▸ DATA EXCERPT:
*-*-*

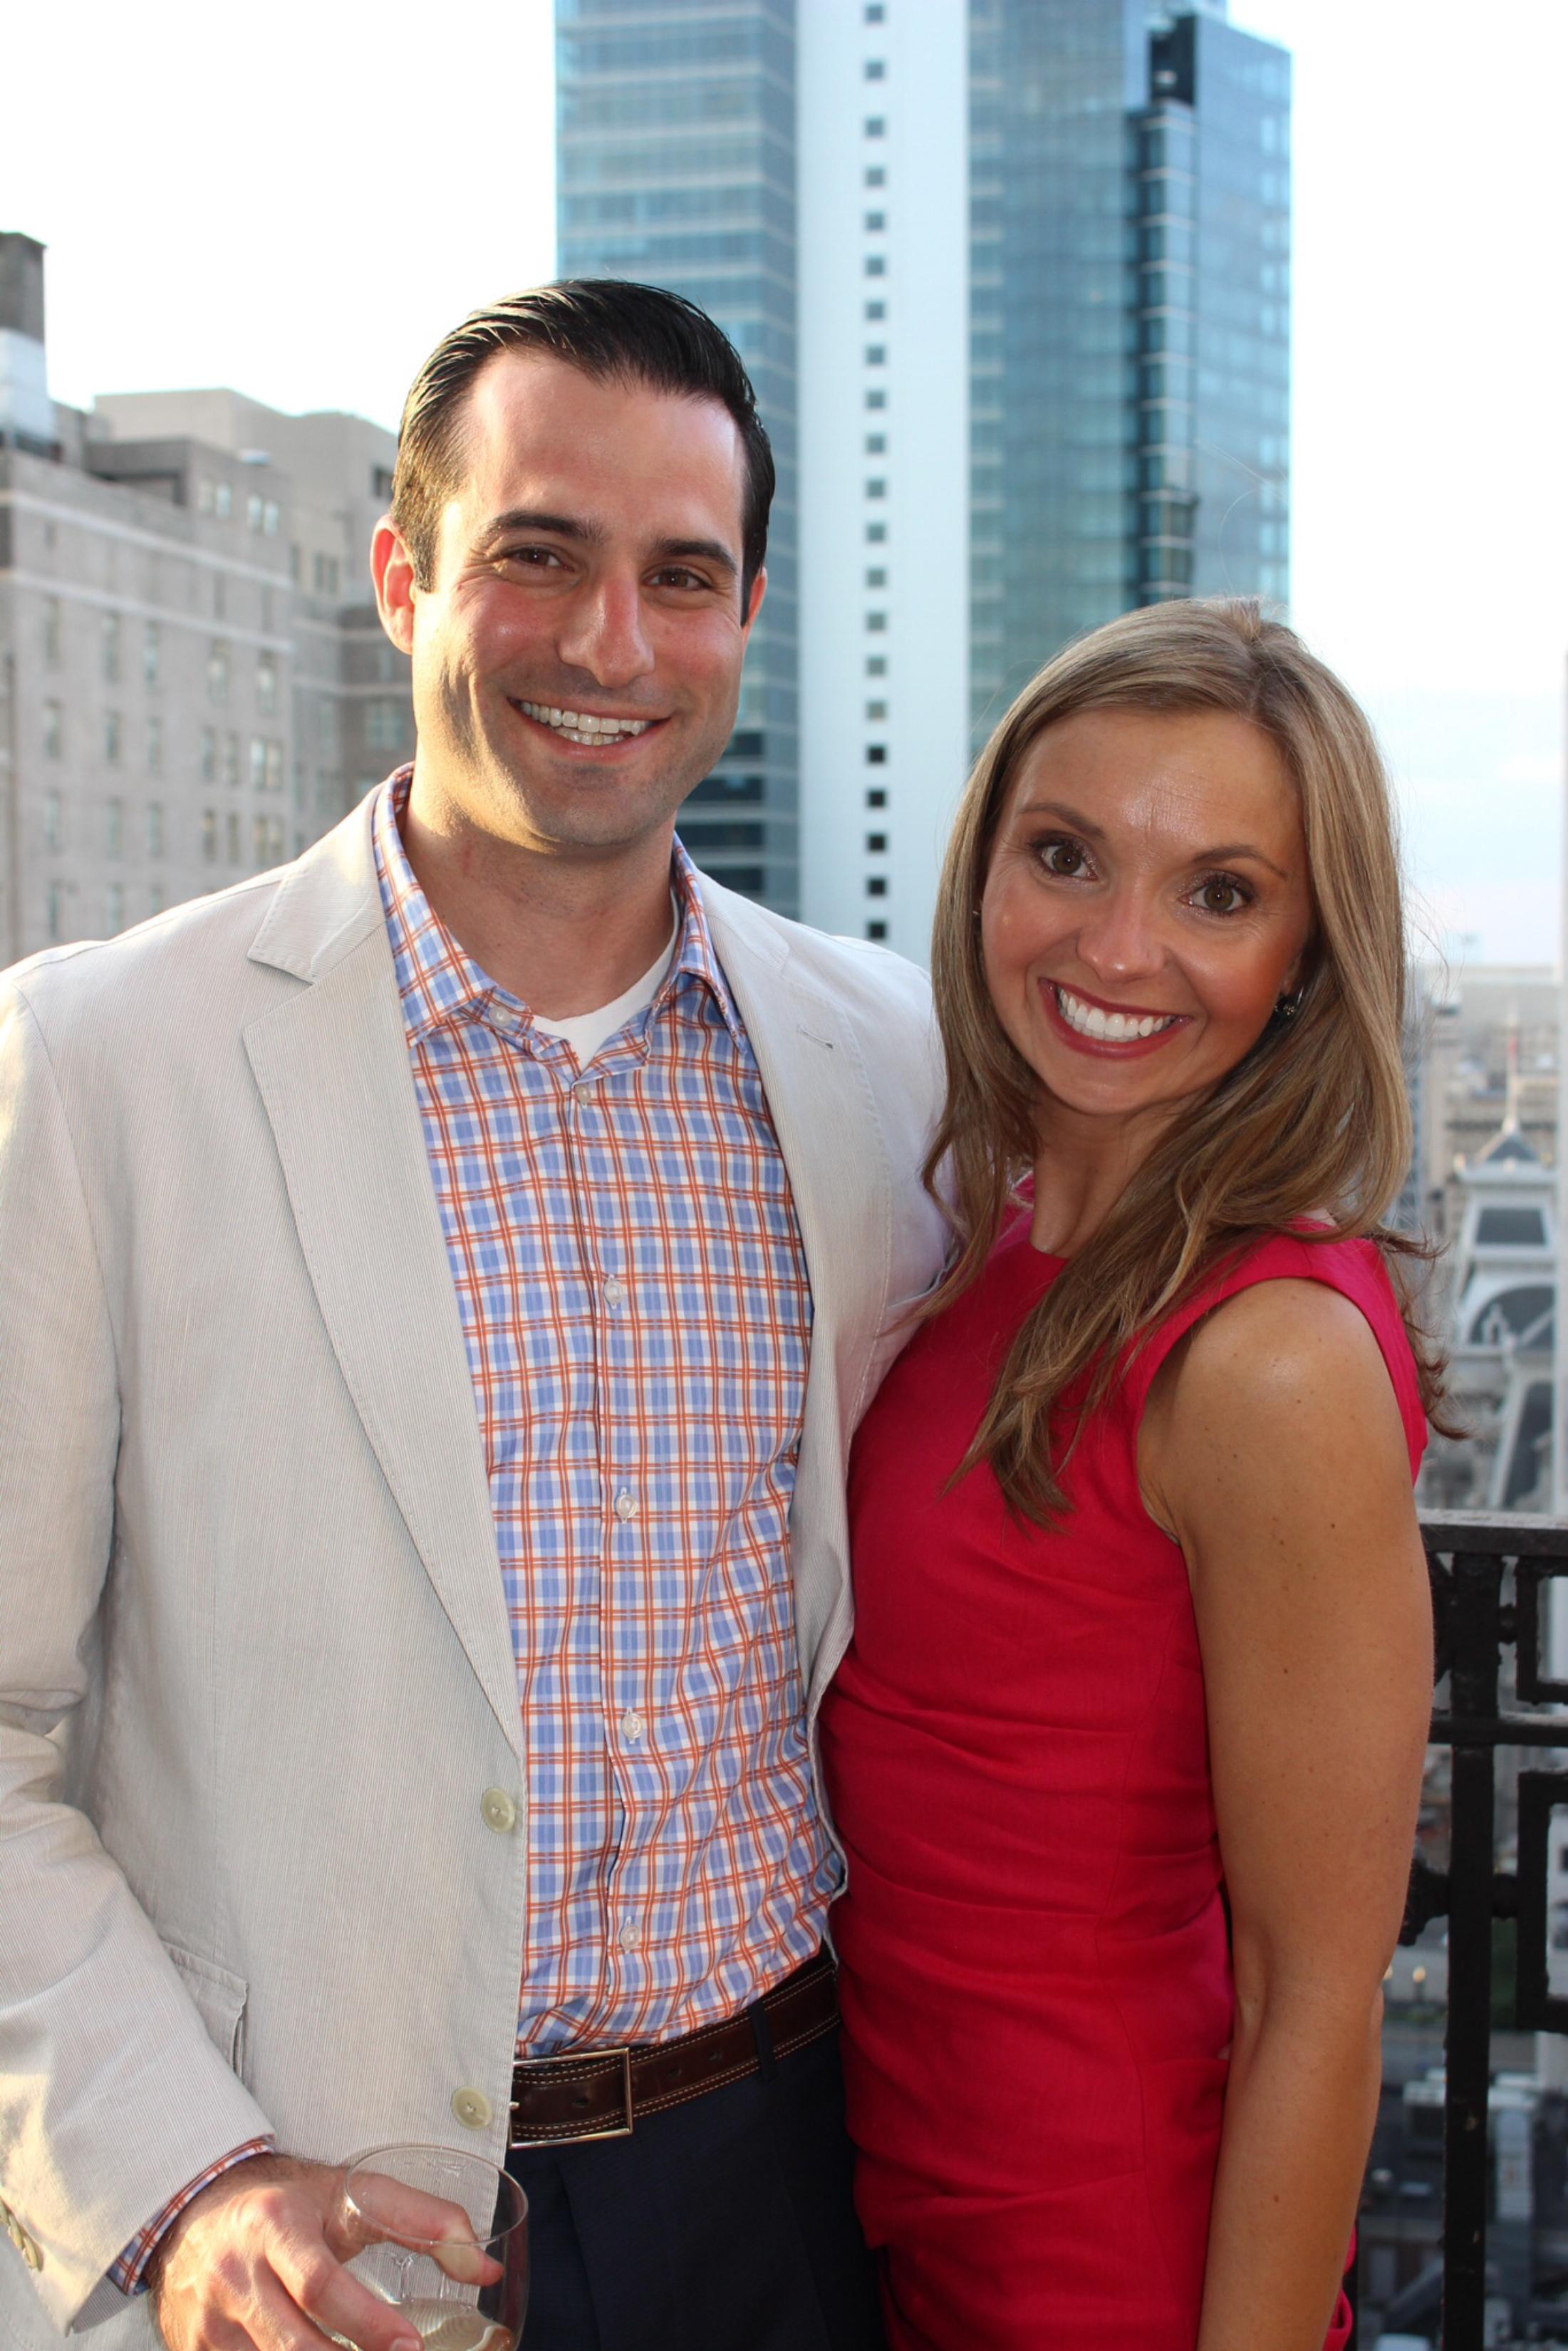 Scott & Lucinda Friedman Fund
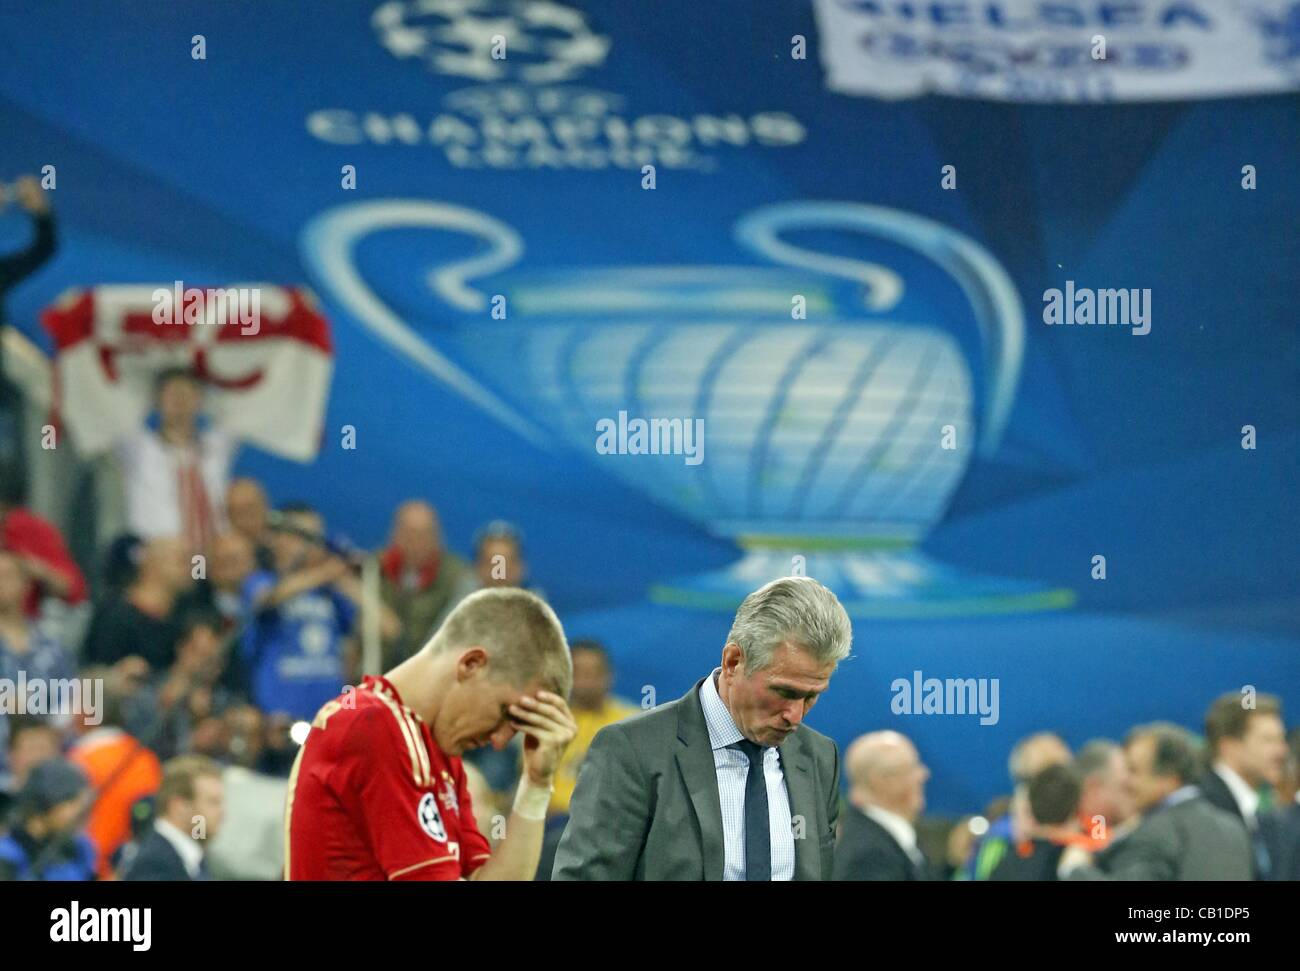 Bastian Schweinsteiger (Bayern #31) , Trainer Cheftrainer Jupp HEYNCKES (FCB) Emotionen, enttäuscht, Enttäuschung, - Stock Image
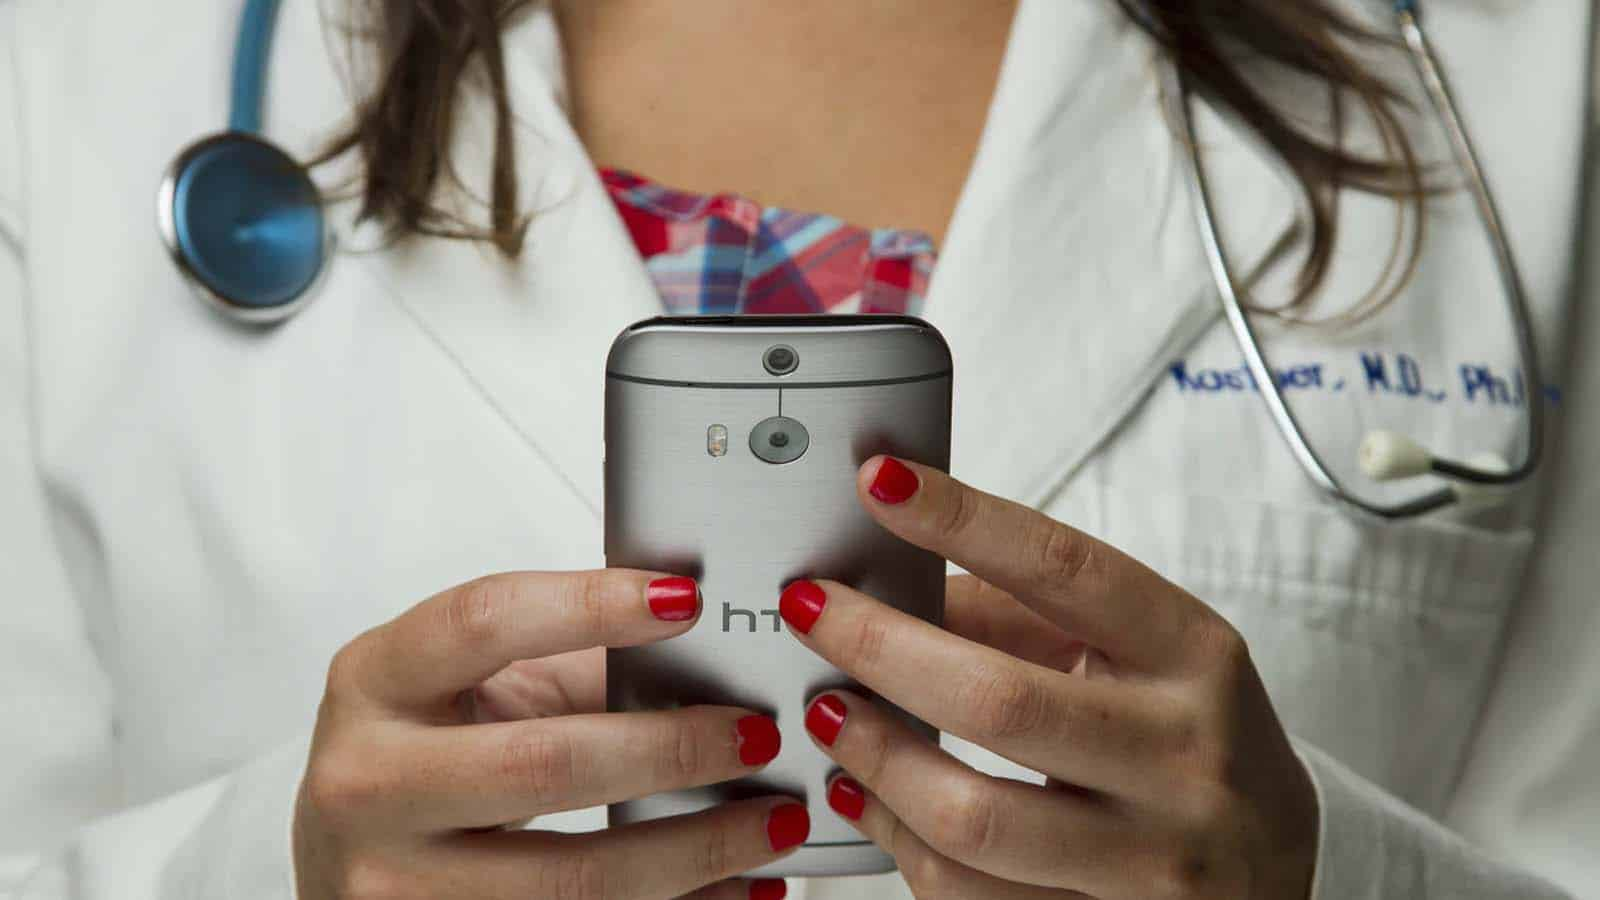 telemedicine on app

*-*-*

▸ EXERCISE DIRECTIONS:
Transcribe all the lines above exactly, apart from the pictures.

▸ RESULT OF THIS EXERCISE:
 Scott & Lucinda Friedman Fund
 Bastian Schweinsteiger (Bayern #31) , Trainer Cheftrainer Jupp HEYNCKES (FCB) Emotionen, enttäuscht, Enttäuschung, - Stock Image
 telemedicine on app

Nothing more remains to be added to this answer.